### [Exercise goal]
What you give back should be exactly the lines from the one with "Simple Dinner Party Menu Ideas" through the final line of the material, pictures removed; please add nothing.

### [Exercise data]

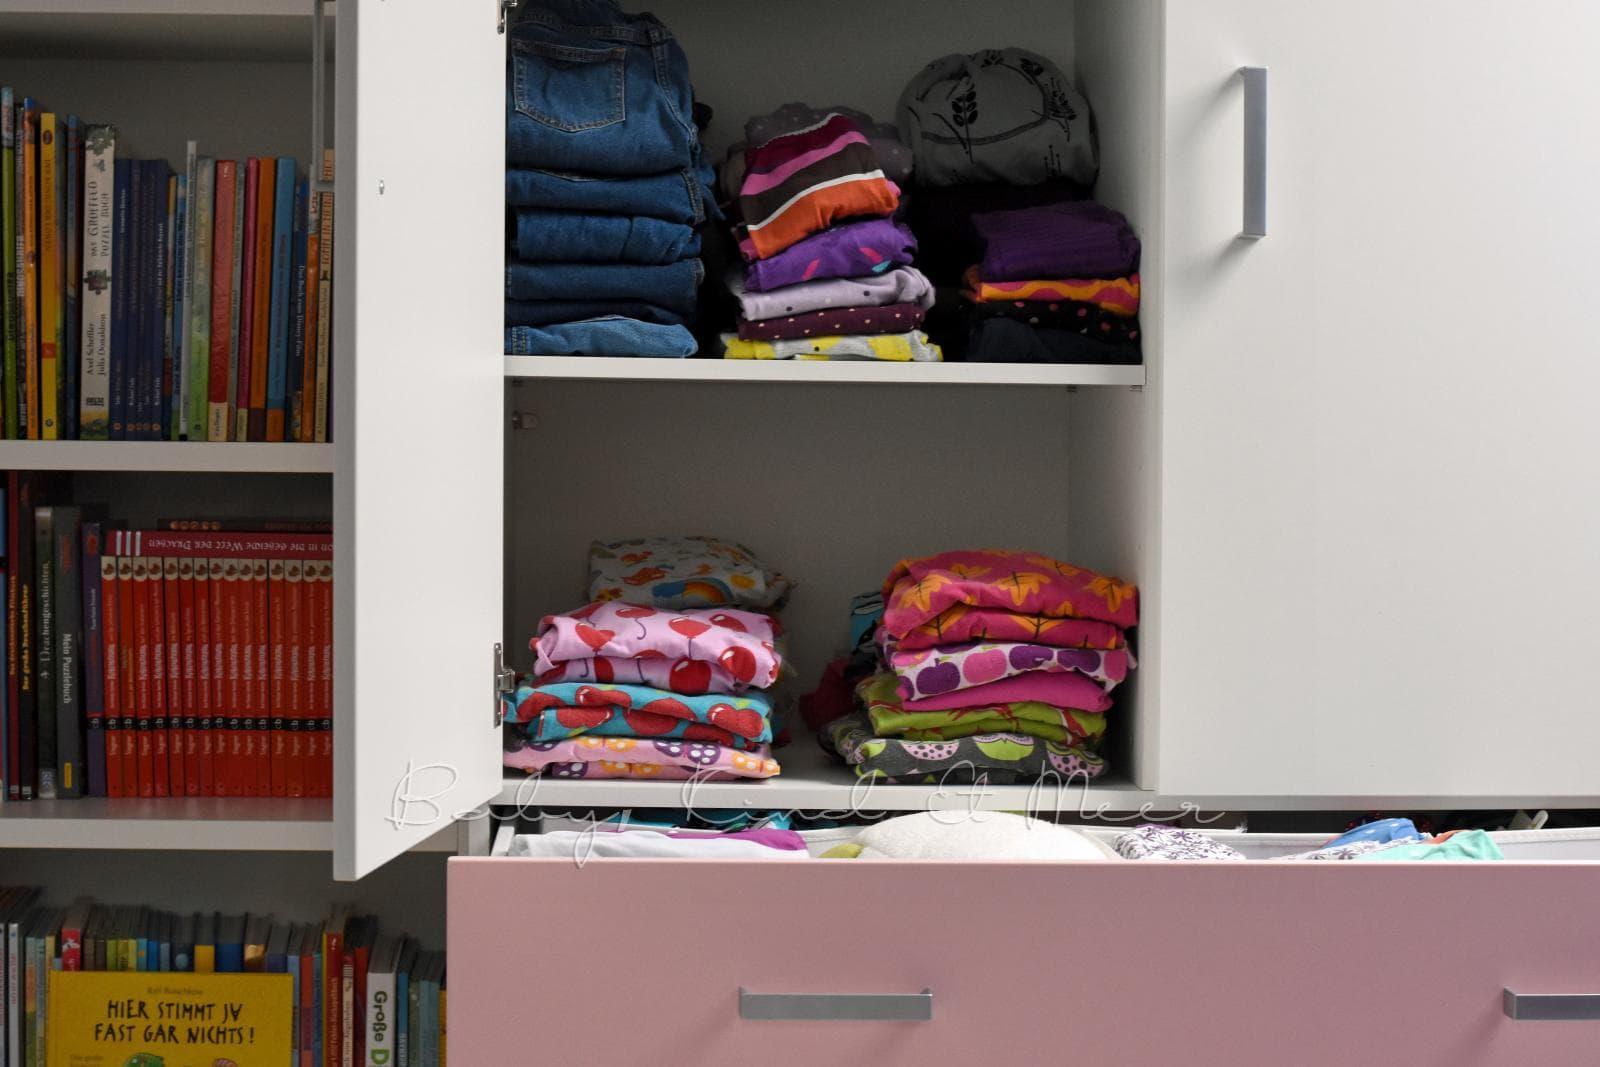 fr hjahrsputz im kinderzimmer familienleben baby kind und meer. Black Bedroom Furniture Sets. Home Design Ideas
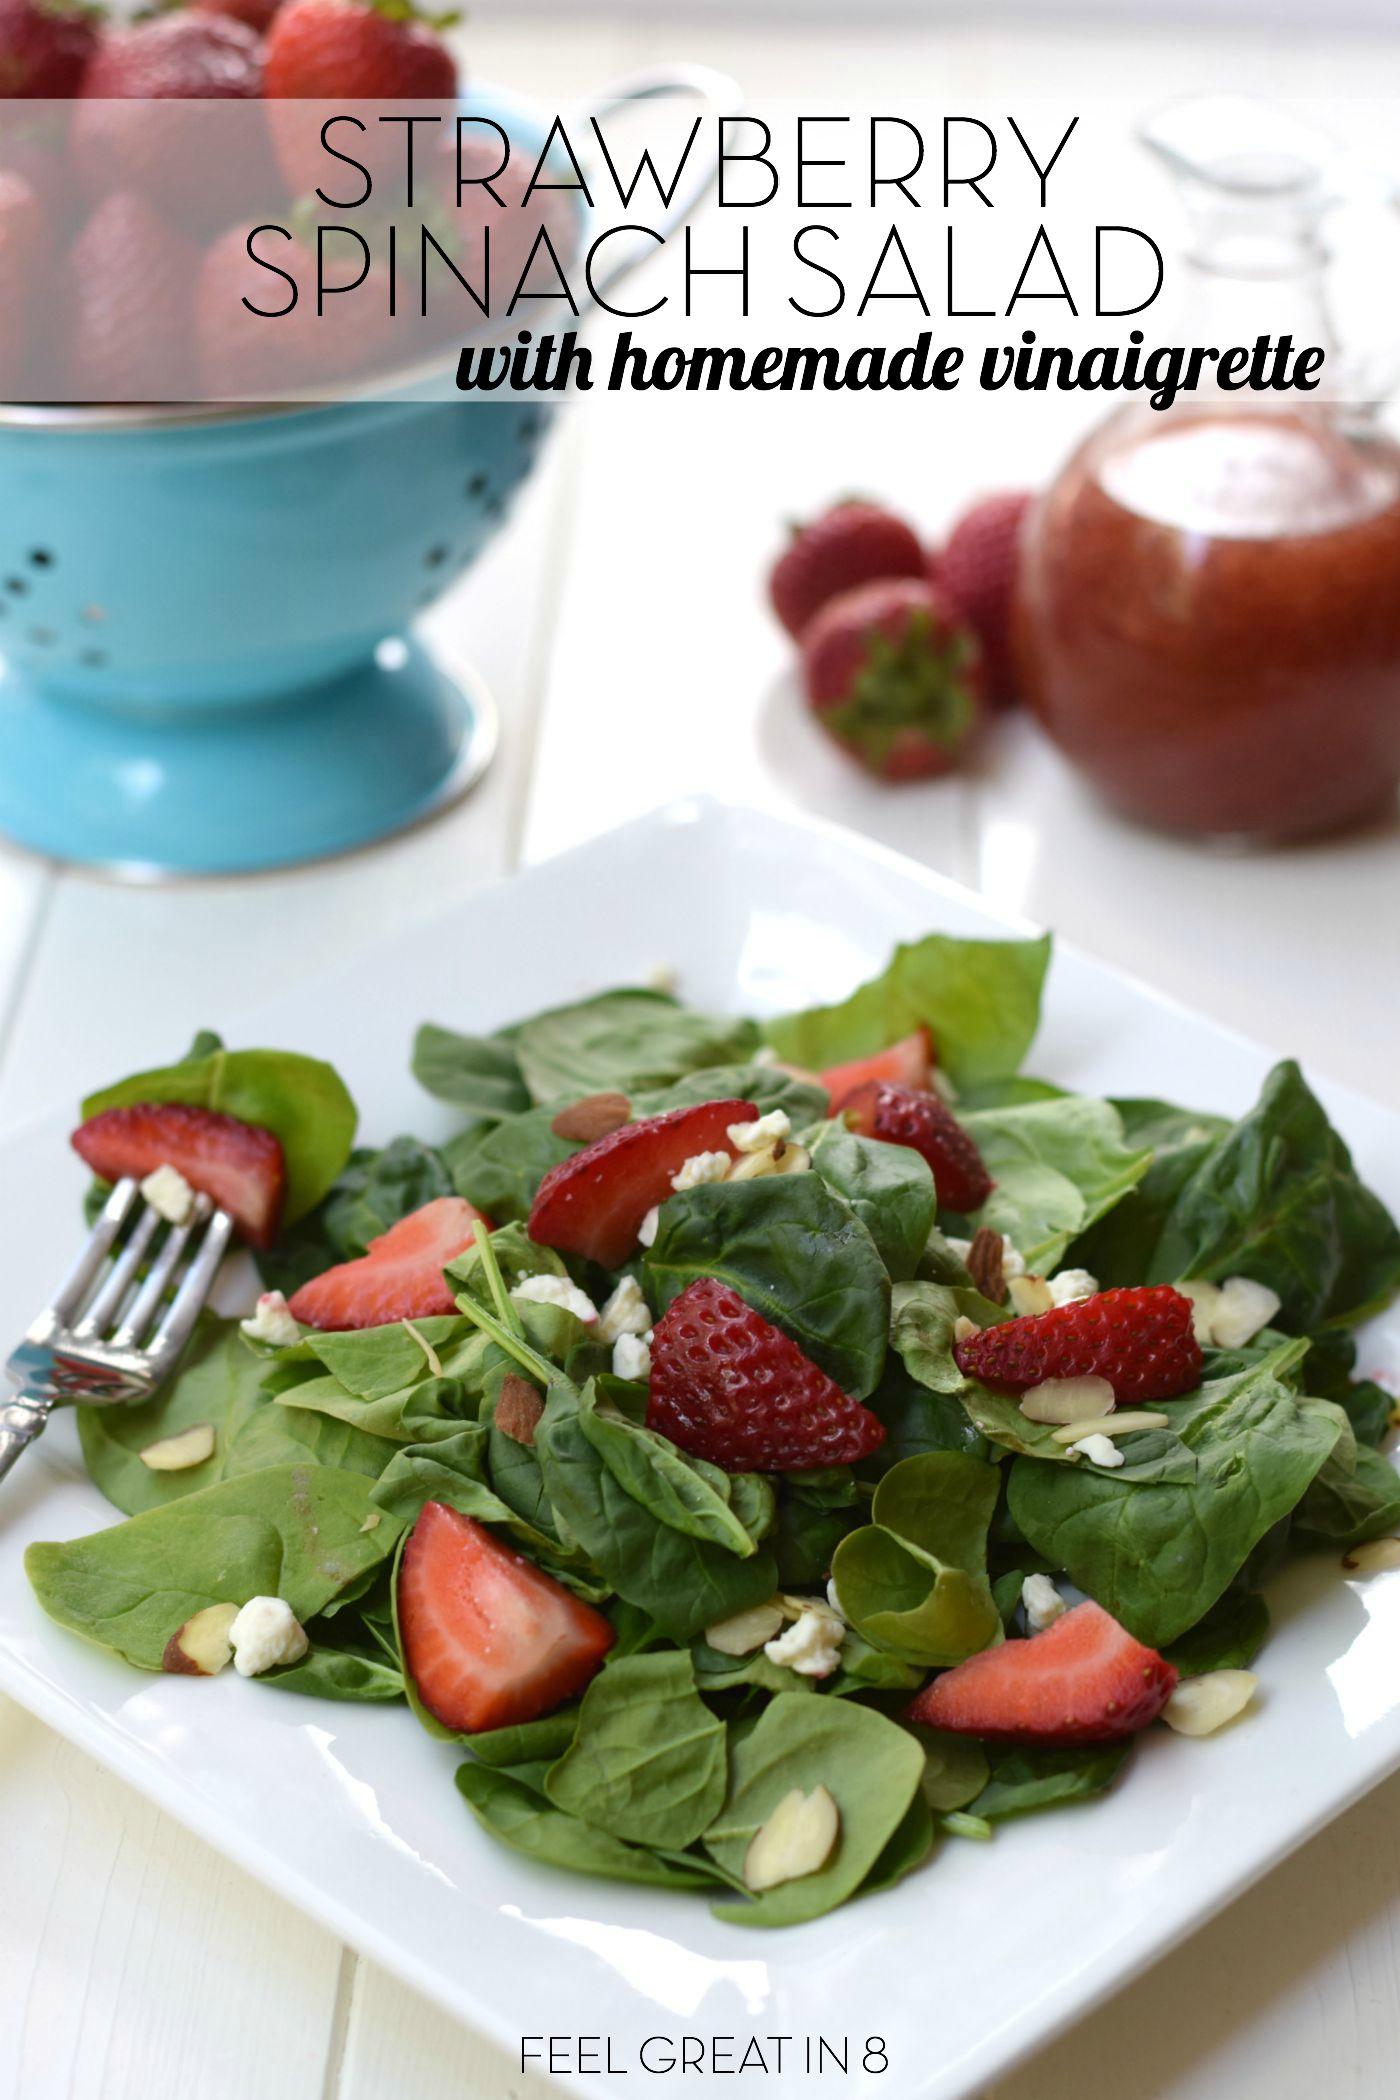 Simple Dinner Party Menu Ideas Part - 32: Charming Simple Dinner Party Menu For 8 Part - 9: Strawberry Spinach Salad
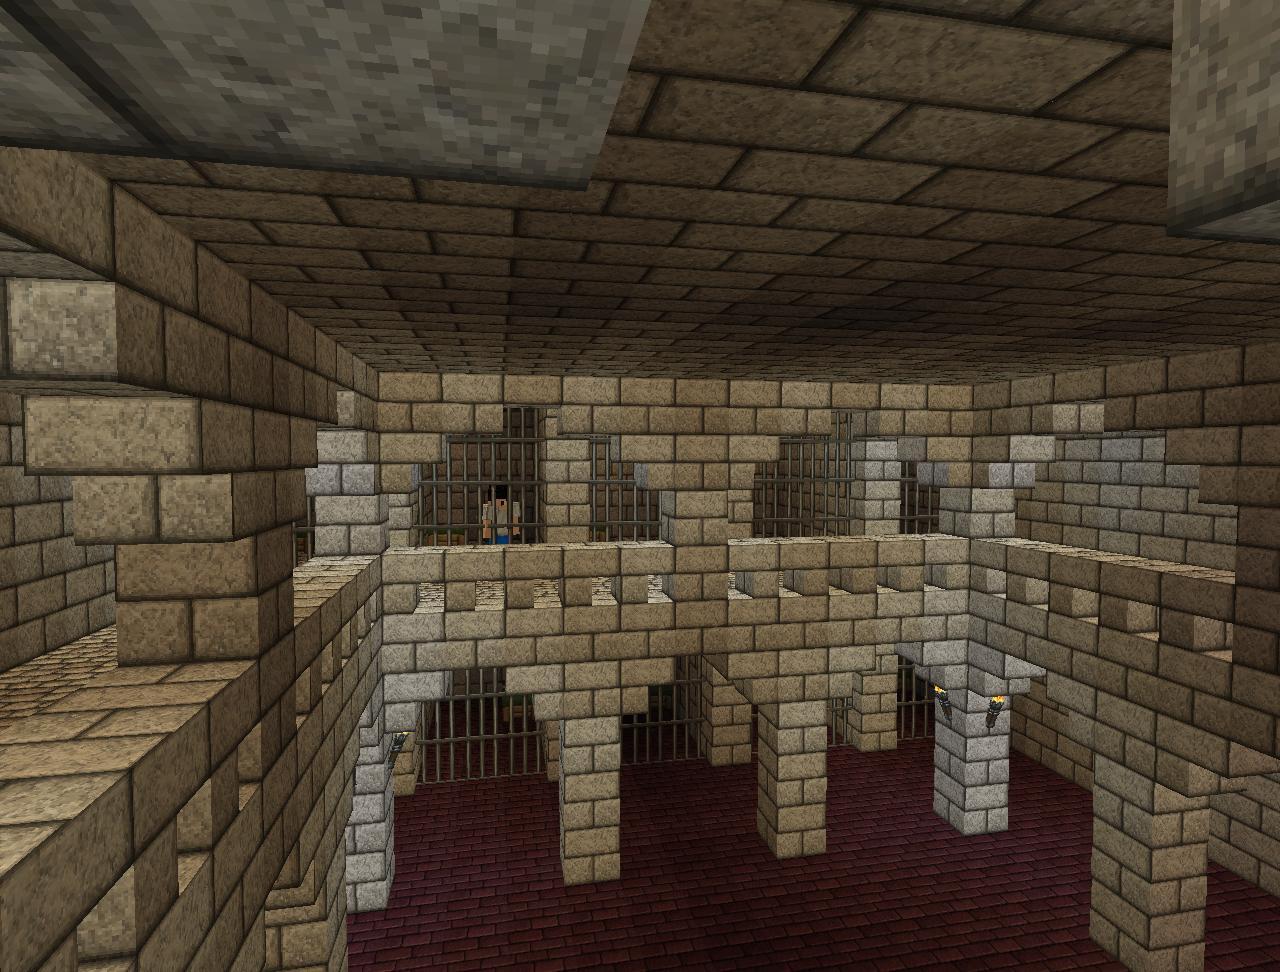 MinionLand jail

### [Result]
 Simple Dinner Party Menu Ideas Part - 32: Charming Simple Dinner Party Menu For 8 Part - 9: Strawberry Spinach Salad
 MinionLand jail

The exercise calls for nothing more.